Original Article
Effect of first-line antituberculous treatment on vitamin D level in patients with pulmonary tuberculosis
Deliang Lv, Weiguo Tan, Jian Xu, Hui Yang, Junluan Mo, Yumei Zhu, Xiongshun Liang, Xiaoling Che, Qingfang Wu, Weiye Yu
Published 2019-04-30
Cite as Chin J Clin Nutr, 2019, 27(2): 90-95. DOI: 10.3760/cma.j.issn.1674-635X.2019.02.005
Abstract
ObjectiveTo explore the effect of first-line anti-tuberculosis treatment on vitamin D level in patients with pulmonary tuberculosis, and to master the changes of vitamin D level in the course of treatment, so as to provide a scientific basis for tuberculosis and nutrition health education in Shenzhen.

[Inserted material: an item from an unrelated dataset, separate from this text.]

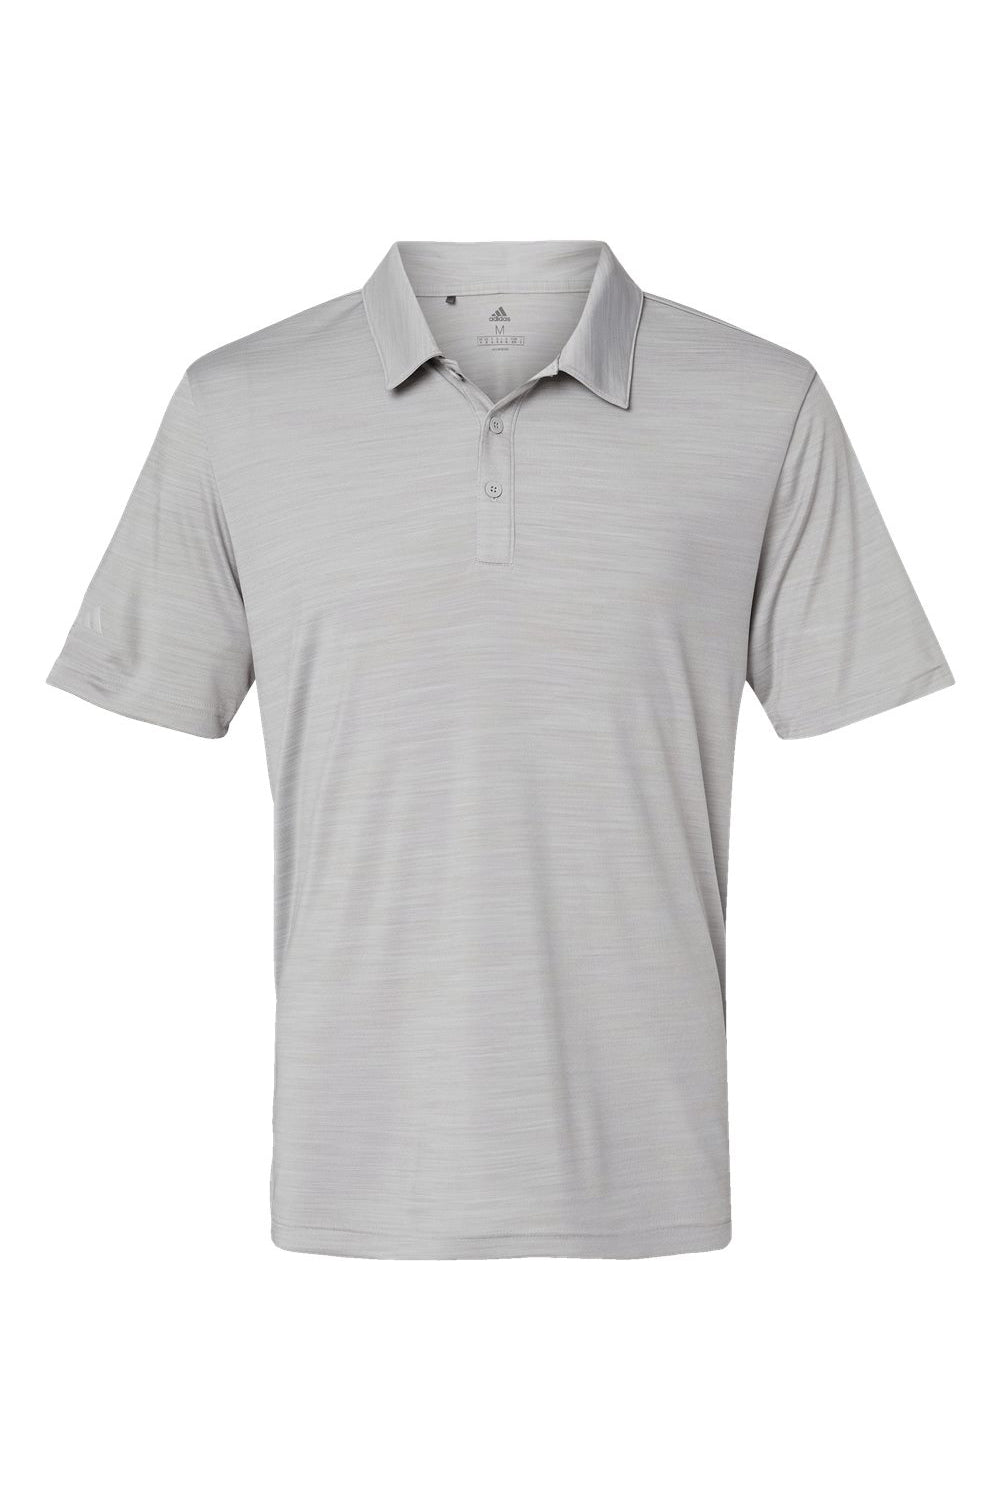 Adidas A402 Mens Melange Short Sleeve Polo Shirt Mid Grey Melange Flat Front

MethodsA total of 100 patients diagnosed as smear-positive pulmonary tuberculosis and receiving initial treatment in 2016 were enrolled and all the patients were treated with the standardized short-course chemotherapy regimens. The blood samples were extracted before treatment and at the ends of intensive and continuation phase. The 25-hydroxyvitamin D[25-(OH)D] concentrations were determined by chemiluminescence (CLIA)at each time point. The change of 25-(OH)D concentrations during anti-tuberculosis treatment was analyzed and the differences of vitamin D levels between different time points were identified.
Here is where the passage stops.